Canonical Representations

For example in Go, to test whether two values of type time.Time represent the same moment in time, you can convert them both to Unix epoch seconds using the Unix() method.

// t1 and t2 are the same time in two different time zones
t1, _ := time.Parse(time.RFC3339, "2016-06-16T19:20:30+00:00")
t2, _ := time.Parse(time.RFC3339, "2016-06-16T12:20:30-07:00")

// t1 and t2 are not functionally equal
fmt.Println(t1 == t2)
// Output: false

// but they are ideally equal
fmt.Println(t1.Unix() == t2.Unix())
// Output: true

Epoch seconds is a canonical way of representing a moment in time in the past (epoch seconds don’t have time zones, because the number of seconds that have passed since the epoch – January 1, 1970 midnight UTC – is the same no matter where you are on the planet). There is only one canonical way of representing each ideal moment in time. Therefore, comparing the canonical representation is equivalent to an ideal equality test.

Canonical Types

A canonical type is a type that only permits canonical representations. Or in other words, there is a 1:1 relationship between the values of that type, and the ideal values they are supposed to represent.

Examples of canonical types might include UTCTimestamp, NFCString, or OrderedSet.

A UTCTimestamp would correspond 1:1 with a moment in time in the past (e.g. a unix timestamp).
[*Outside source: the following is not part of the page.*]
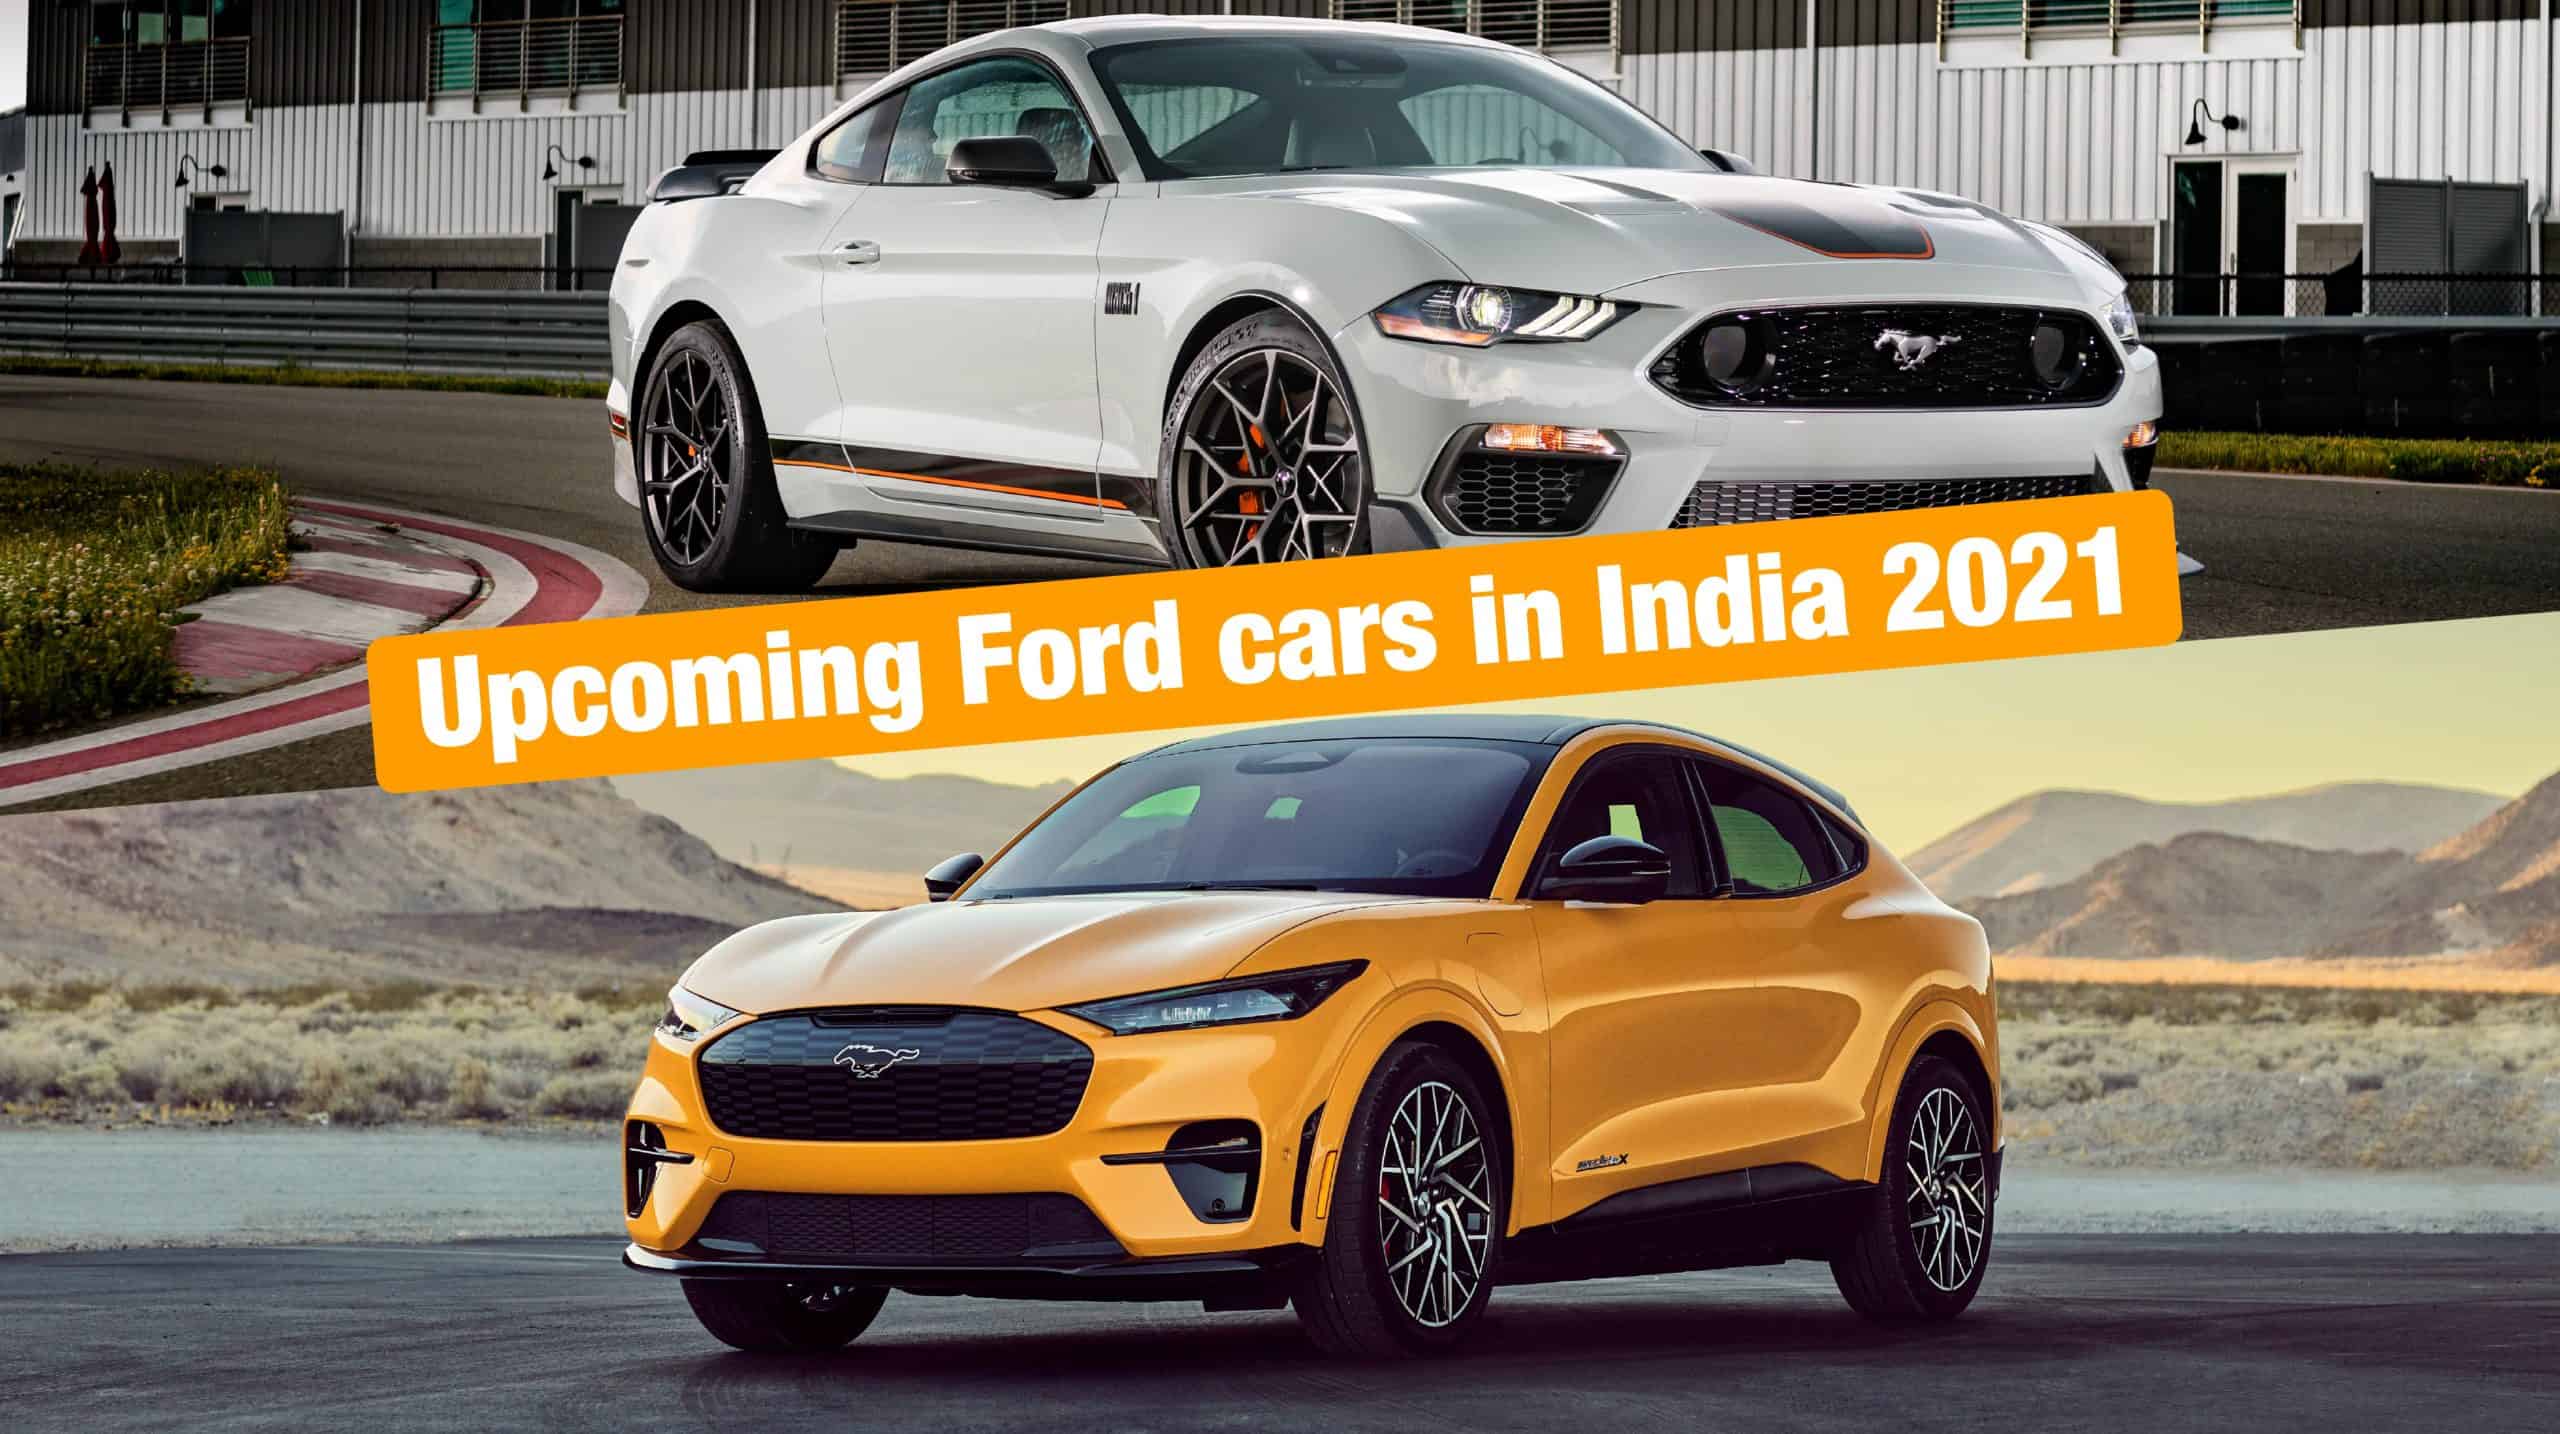 Upcoming Ford cars in India 2021 - Mustang Coupe and Mach-e|Upcoming Ford cars in India 2021 - Mustang Coupe and Mach-e

An NFCString would only permit NFC forms of Unicode strings. Comparing two regular Unicode strings would compare their representations. To compare for semantic equality of two strings, convert them to NFCStrings first. So for example if we have two regular Unicode string variables a="ñ” and b="ñ", which use two different Unicode representations of the Spanish “eñe”, then a == b would be false but a.NFC() == b.NFC() would be true.

Two different sets that are ideally equal may not be functionally equal if the order that items are traversed or displayed in the set depends on how they are stored. If a.toString() == "{1,2}" and b.toString() == "{2,1}", then aandbare not functionally equal. AnOrderedSet` type, that sorted the set members internally using any deterministic ordering function, would not permit two different representations of the same ideal set.

Canonical Numbers

But what is the canonical representation of a rational number? There is a standard scientific notation for writing rational numbers. But in a computer program, numeric values must be represented by some types with a finite precision. And there is no single type (yet) that is capable of representing any rational number. Even an arbitrarily large binary floating point, for example, cannot precisely represent the number 1/3, even though this can be easily represented using a rational or decimal float.
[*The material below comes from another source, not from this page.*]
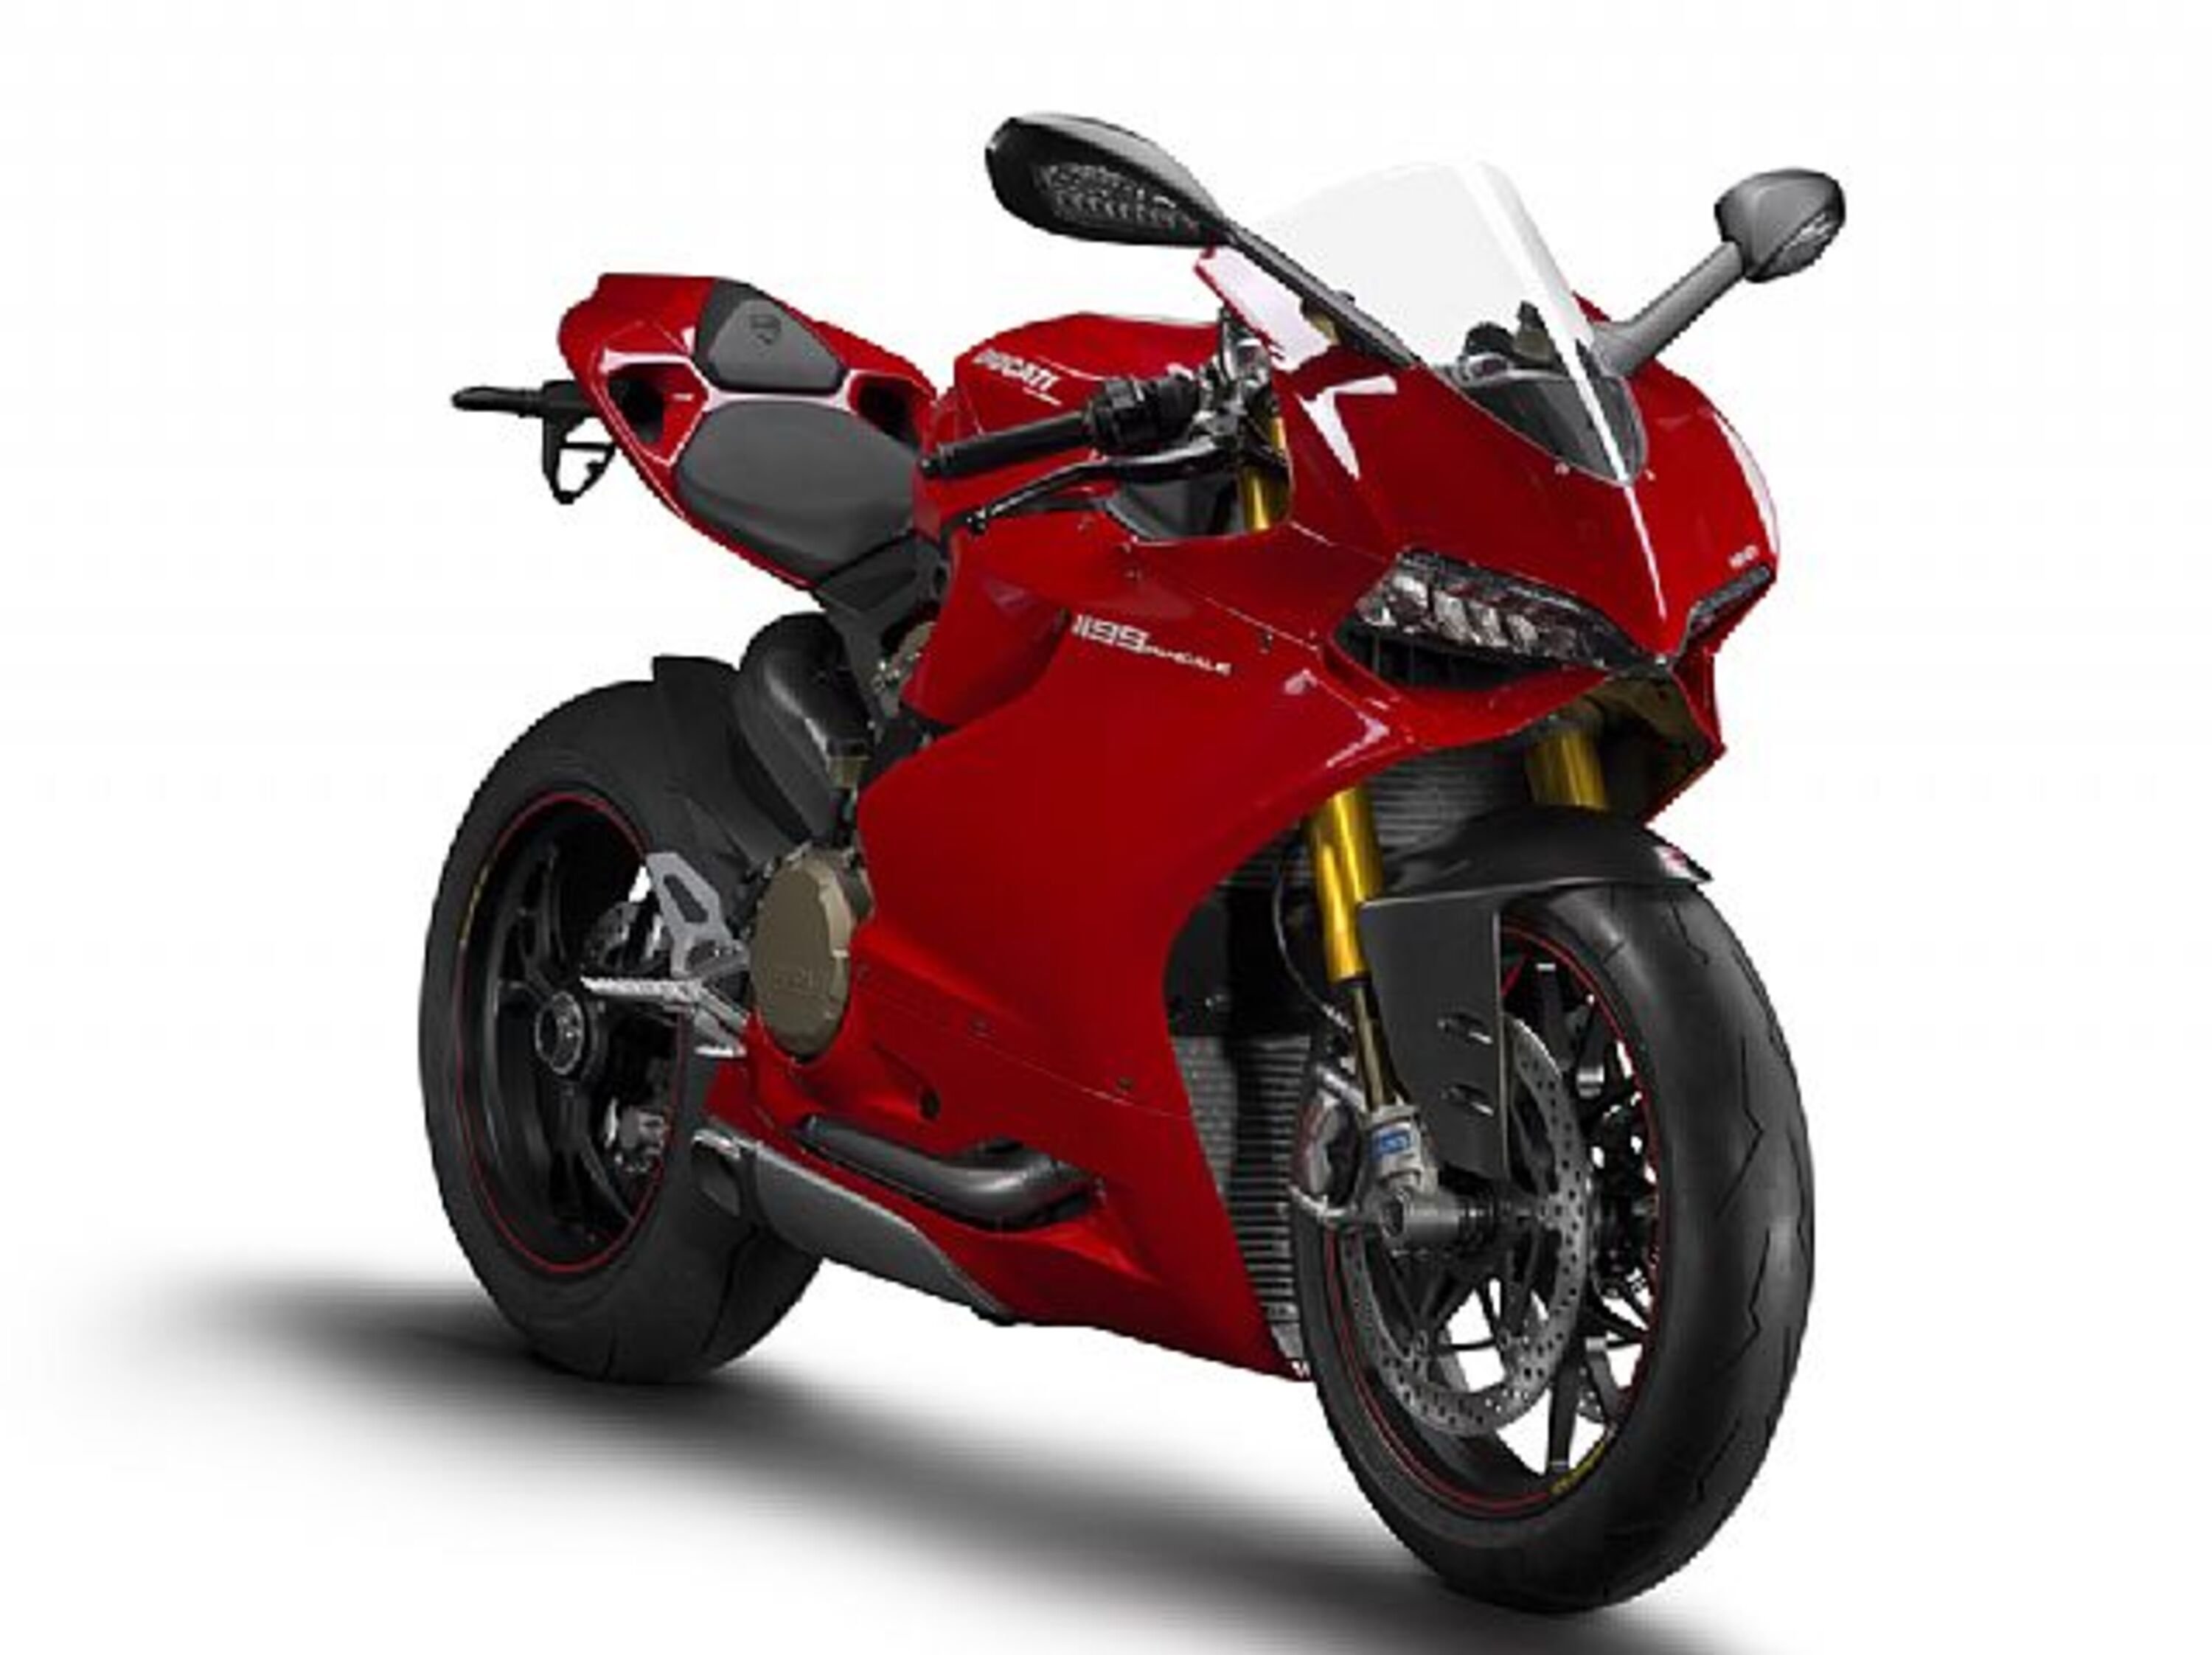 Ducati 1199 Panigale 1199 Panigale S (2013 - 14)

However, I think it is still possible to have something like a canonical number type. I hope to discuss this in a future essay.

Summary: Everything is the Same, Everything is Different

If you think about it, any two things are the same in some ways, but different in other ways. So if you want to know whether two values are equal, you must first ask yourself what do you mean by equal?

Two values are functionally equal iff it is never true that $f(a) \neq f(b)$ for any $f$.

But often some ideal value can be represented in many different ways. So there is a difference between functional equality tests which compare representations, and ideal equality tests which compare ideal values.

Having more than one way to represent the same ideal value gives rise to the representation problem: the need to support both types of equality tests.

I suggest that languages and libraries solve this problem by reserving the == operator for functional equality, and allow users to test for ideal equality by comparing canonical representations. Using canonical types can be a good way to do this.